13. The computer implemented method of claim 1, wherein the remote processing system is one of a plurality of remote processing systems to which the second copy of the electronic message is sent, wherein the preventing further comprises preventing, by the processor, the result generated based on the processing of the first copy of the electronic message from being communicated to the recipient by the first transaction processing system until the acknowledgment message corresponding to the second copy of the electronic message has been received from at least a subset of the plurality of remote processing systems.
14. The computer implemented method of claim 1, wherein the processor comprises a buffer memory configured to store the result from the transaction processing system and communicate the result to the recipient when not prevented from doing so.
15. The computer implemented method of claim 1, further comprising, determining, by the processor a sequence in which the electronic message was received relative to previously received electronic messages, and determining upon a failure of the transaction processing system, based on the determined sequence, the electronic message forwarded for processing in sequence just after to the last electronic message for which a result was communicated, such that recovery begins therefrom.
16. The computer implemented method of claim 15, wherein the processor is configured to assign a sequence to each electronic message upon receipt thereof, the sequence indicative of an ordering of the electronic message relative to previously received electronic messages.
17. The computer implemented method of claim 1, wherein the processor is configured to be able to recover all electronic messages which have been forwarded to the transaction processing system for which a result has not been communicated.
18. The computer implemented method of claim 1, wherein the remote system is further configured to communicate the acknowledgment message corresponding to the electronic message only upon receipt of a request therefore from the processor, wherein when the request is received by the remote system subsequent to receipt thereby of a plurality of electronic messages received subsequent to a prior request, the acknowledgment message corresponds to the plurality of electronic messages confirming receipt thereof, wherein the processor dynamically determines when, with respect to forwarding of one or more electronic messages, to send the request for the acknowledgment message such that acknowledgment messages corresponding to a particular electronic messages are received prior to or contemporaneously with the generation of the result of the processing thereof by the transaction processing system.

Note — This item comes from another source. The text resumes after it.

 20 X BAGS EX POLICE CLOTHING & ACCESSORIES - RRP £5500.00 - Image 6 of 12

19. The computer implemented method of claim 1, wherein the remote processing system is further configured to communicate a single acknowledgment message corresponding to the electronic message and at least one other electronic message contemporaneously communicated therewith or previously communicated prior thereto.

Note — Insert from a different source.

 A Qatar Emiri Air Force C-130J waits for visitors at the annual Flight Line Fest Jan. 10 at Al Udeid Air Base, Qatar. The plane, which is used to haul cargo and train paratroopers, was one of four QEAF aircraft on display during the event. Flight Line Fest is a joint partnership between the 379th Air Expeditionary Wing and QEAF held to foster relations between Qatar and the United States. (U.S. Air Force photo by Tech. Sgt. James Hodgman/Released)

20. The computer implemented method of claim 1, further comprising directing, by the processor, the remote processing system to communicate a single acknowledgment message corresponding to the electronic message and at least one other electronic message contemporaneously communicated therewith or previously communicated prior thereto.
21. The computer implemented method of claim 20, further comprising determining, by the processor, when to direct the remote processing system to communicate the single acknowledgment message based on a time difference between when a prior direction was sent and when the acknowledgment message responsive thereto was received, and an amount of time it took the first transaction processing system to process a prior electronic message upon receipt thereby and generate a result indicative thereof to be communicated to the recipient device.
22. A system comprising:
- a processor and a non-volatile memory coupled therewith, the memory comprising computer executable instructions that, when executed by the processor, cause the processor to: receive, from a message producer coupled with the processor via an electronic communications network, an electronic message communicated to a first transaction processing system coupled with the processor for processing thereby prior to receipt by the first transaction processing system, the transaction processing system configured to process each message upon receipt thereby and generate a result indicative thereof to be communicated to a recipient device;
- contemporaneously forward a first copy of the electronic message to the first transaction processing system for processing thereby and a second copy of the electronic message to a remote processing system coupled with the processor and configured to communicate an acknowledgment message corresponding to the electronic message back to the processor at least confirming receipt of the second copy of the electronic message thereby; and
- prevent the result generated based on the processing of the first copy of the electronic message from being communicated to the recipient device by the first transaction processing system until the acknowledgment message corresponding to the second copy of the electronic message has been received from the remote processing system.
23. The system of claim 22, wherein the processor comprises a first processing thread which forwards the message copies and stores data in the log, a second processing thread which watches for results, a third processing thread which watches for acks, and a fourth processing threads which determined when to release results.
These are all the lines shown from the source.